DATA RECORDS:
┌────────

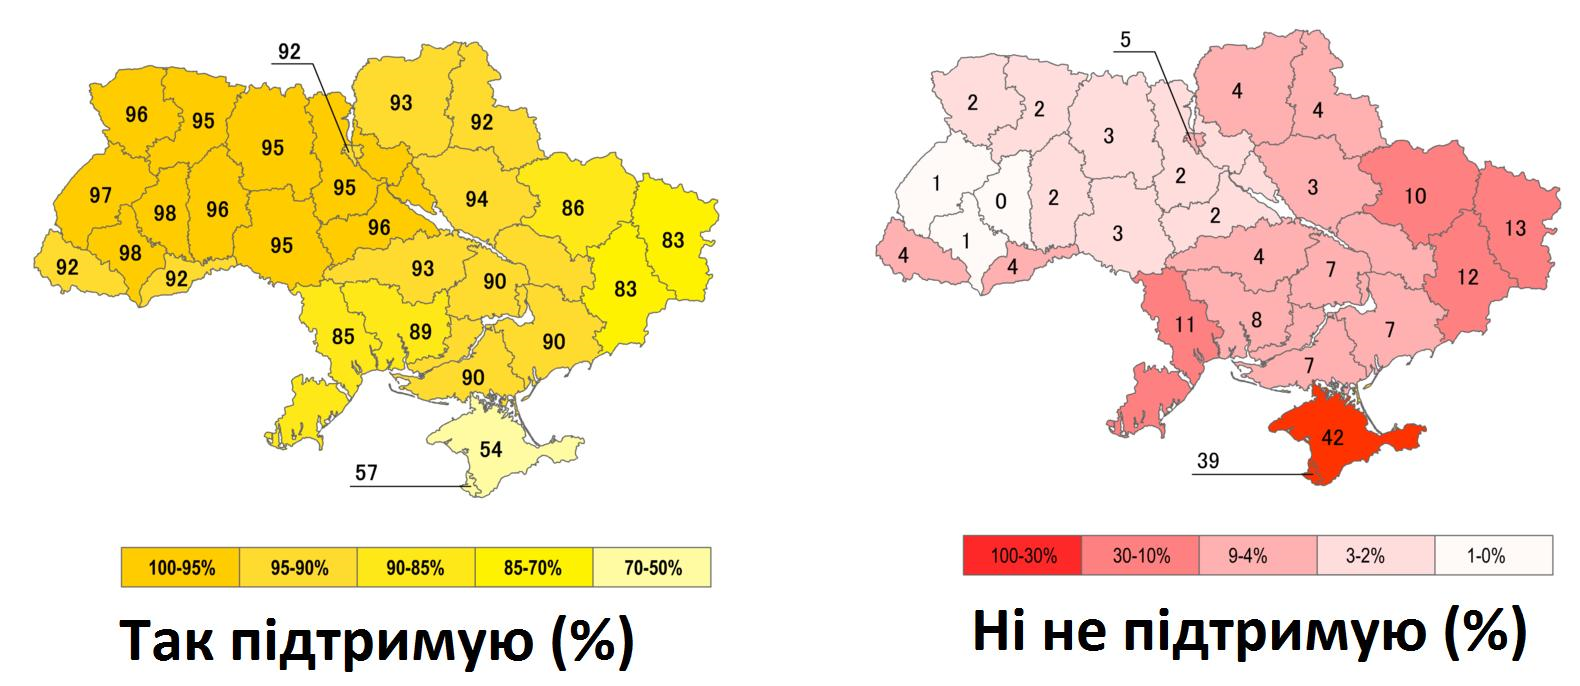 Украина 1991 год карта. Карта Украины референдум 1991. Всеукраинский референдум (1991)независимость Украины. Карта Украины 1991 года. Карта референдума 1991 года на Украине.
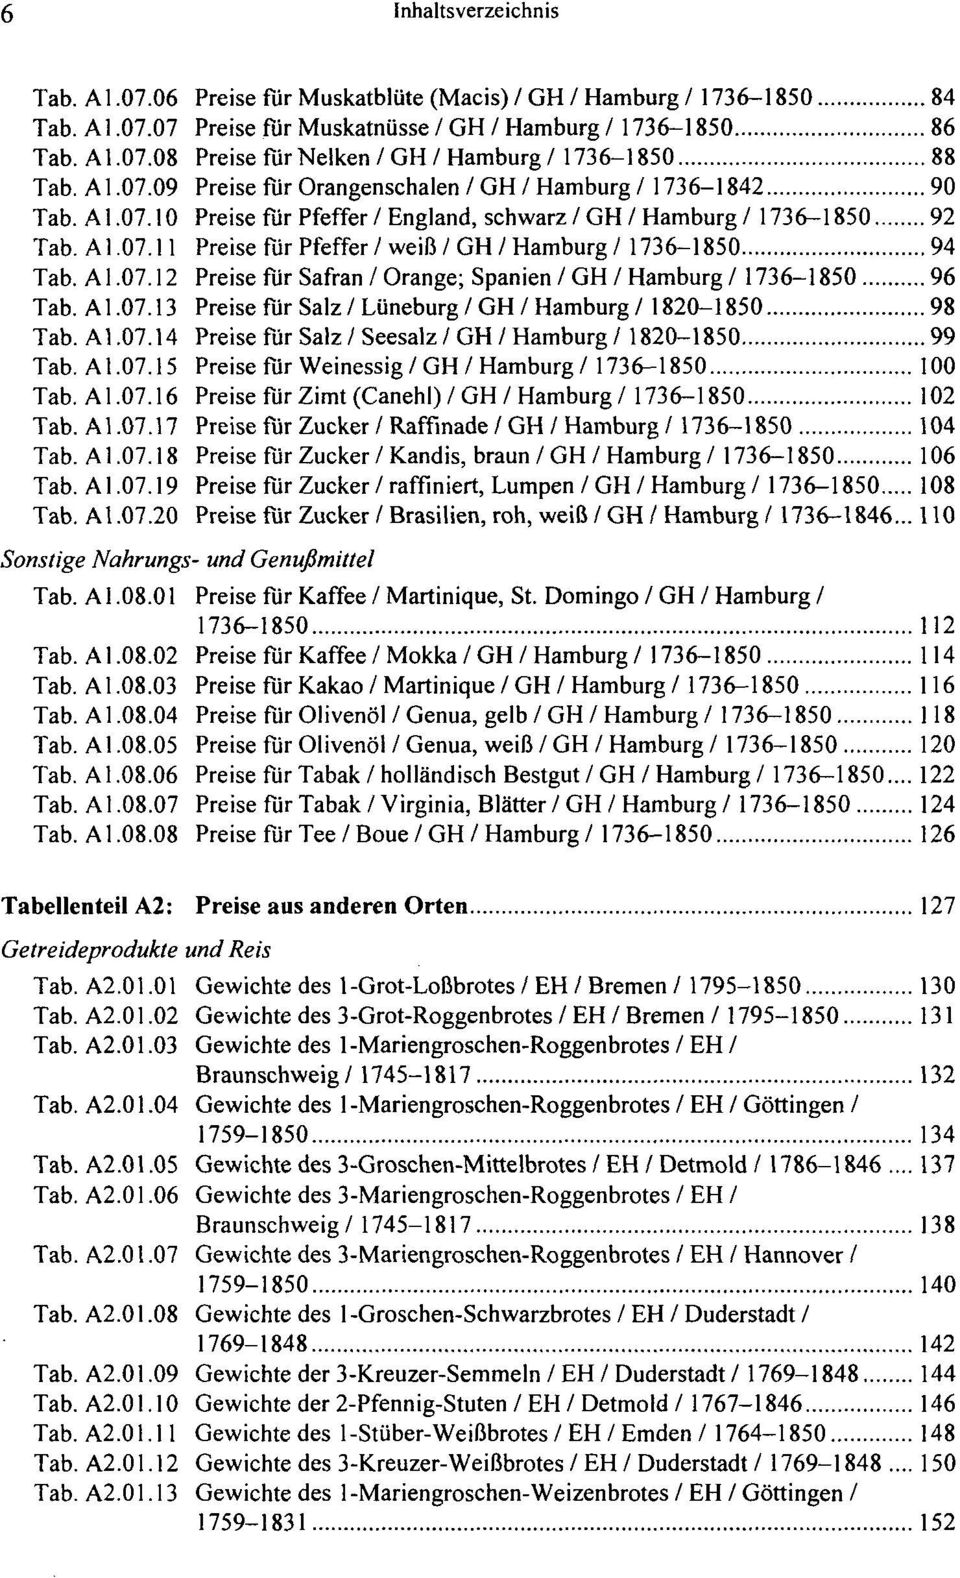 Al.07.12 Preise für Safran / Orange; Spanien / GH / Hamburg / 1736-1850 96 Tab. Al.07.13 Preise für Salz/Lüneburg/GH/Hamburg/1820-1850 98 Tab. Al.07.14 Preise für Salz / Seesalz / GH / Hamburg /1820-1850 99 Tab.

└────────
┌────────

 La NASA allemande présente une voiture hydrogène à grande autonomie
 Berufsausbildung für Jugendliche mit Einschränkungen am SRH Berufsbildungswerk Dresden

└────────
┌────────

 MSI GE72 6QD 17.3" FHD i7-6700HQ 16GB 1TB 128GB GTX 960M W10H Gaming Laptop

└────────

PROBLEM:
Word for word, retype the lines in the entries above that run from the one with "Украина 1991 год" through the one with "Al.07.12 Preise für". Both ends count; pictures do not.

ANSWER TO THE PROBLEM:
 Украина 1991 год карта. Карта Украины референдум 1991. Всеукраинский референдум (1991)независимость Украины. Карта Украины 1991 года. Карта референдума 1991 года на Украине.
 Al.07.12 Preise für Safran / Orange; Spanien / GH / Hamburg / 1736-1850 96 Tab. Al.07.13 Preise für Salz/Lüneburg/GH/Hamburg/1820-1850 98 Tab. Al.07.14 Preise für Salz / Seesalz / GH / Hamburg /1820-1850 99 Tab.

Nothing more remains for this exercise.